Evaluators drift. User expectations change. New failure modes emerge. Schedule regular recalibration where you re-run correlation checks against fresh human labels. Quarterly is typical for stable domains; monthly for rapidly evolving ones.

Evaluating Agentic Workflows vs Autonomous Agents

The evaluation strategy differs based on how much autonomy your agent has.

For Workflows (Predictable Paths)

When you're using what Anthropic calls "workflow patterns" - prompt chaining, routing, parallelization - you can test each step independently. The system follows predetermined paths, so you can write assertions for each node:

Router sends query to correct specialist
Specialist generates response meeting schema requirements
Aggregator combines results without losing information

This is closer to traditional software testing. You know what each component should do, so you can test whether it does it.

For Autonomous Agents (Dynamic Decisions)

When the agent decides its own path - selecting tools, determining when to stop, recovering from failures - evaluation gets harder. You need to evaluate:

Final outcome quality - Did the agent complete the task?
Intermediate reasoning - Were the steps sensible even if the outcome was good?
Recovery capability - When the agent made a mistake, did it recognize and correct it?
Efficiency - Did it take a reasonable path, or waste tokens on loops?

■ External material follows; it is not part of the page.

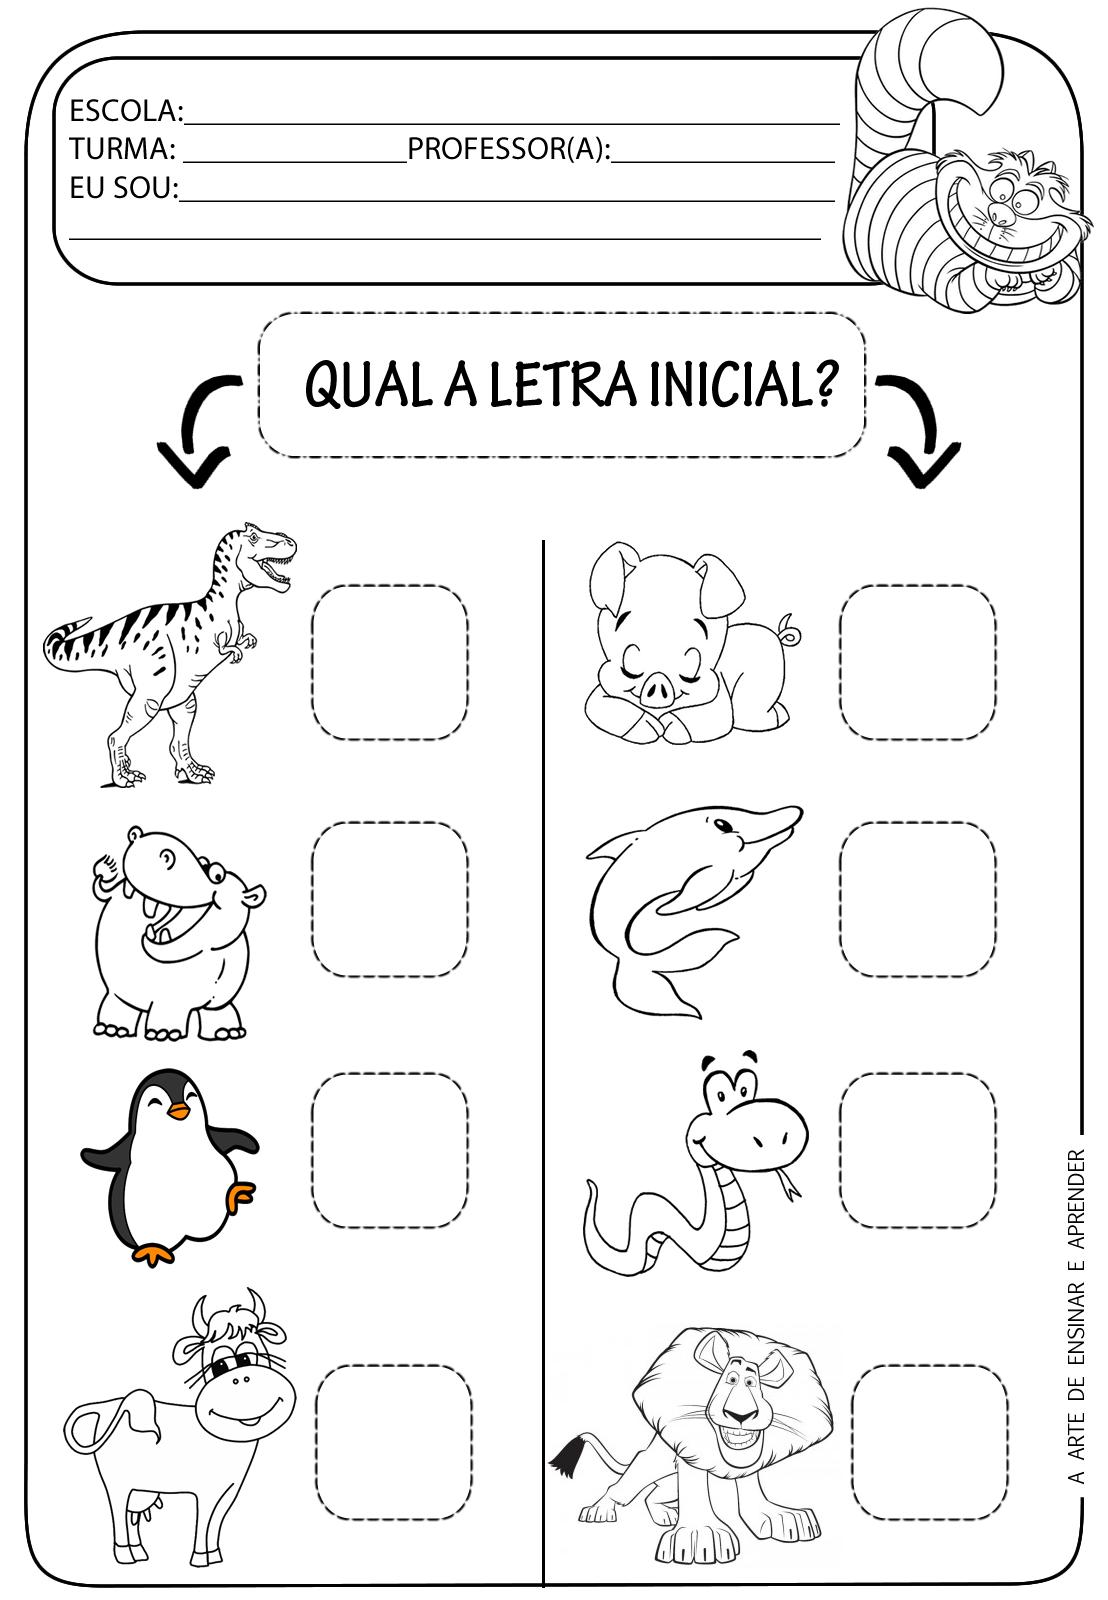 A Arte de Ensinar e Aprender: Atividade pronta - Letra inicial ...

Chip Huyen's observation applies here: "The journey from 0 to 60 is easy, whereas progressing from 60 to 100 becomes exceedingly challenging." Agents that work 80% of the time in demos often work 40% of the time in production because the evaluation didn't stress-test edge cases.

For autonomous agents, include adversarial test cases:

Ambiguous queries where multiple tools could apply
Queries requiring multi-step reasoning with opportunities to go wrong
Queries where the correct answer is "I don't know" or "I can't do that"
Queries designed to trigger known failure modes

The Evaluation Playbook CIOs Actually Need

If you're evaluating an AI agent for production deployment - whether building internally or buying from a vendor - here's the checklist:

Before Deployment:

Error analysis completed on pilot data (minimum 100 failure examples categorized)
Custom evaluators built for top 5 failure modes
Each evaluator validated against human judgment (correlation > 0.7)
Level 1 assertions covering structural requirements
Level 2 model-based evals for quality dimensions
Baseline human evaluation scores established

During Deployment:

Assertions running on every code change
Model-based evals running nightly
Human evaluation sample (20-50 cases) weekly for first month
Monitoring for score drift and new failure patterns

Ongoing:

Quarterly recalibration of evaluators against fresh human labels
Error analysis refresh when new failure modes emerge
Evaluation coverage expansion as use cases grow

Red Flags When Evaluating Vendors:

Can't explain their evaluation methodology beyond "we use GPT-4 to judge"
Quote generic metrics (BLEU, ROUGE) as primary quality indicators
No human-in-the-loop evaluation process
Can't show correlation data between their evals and human judgment
Evaluation doesn't cover your specific failure modes

The organizations deploying AI agents successfully aren't the ones with the most sophisticated models. They're the ones with the most rigorous evaluation pipelines - pipelines built on error analysis, validated against human judgment, and continuously recalibrated against production reality.

The metrics might be green. The question is whether they're measuring what matters.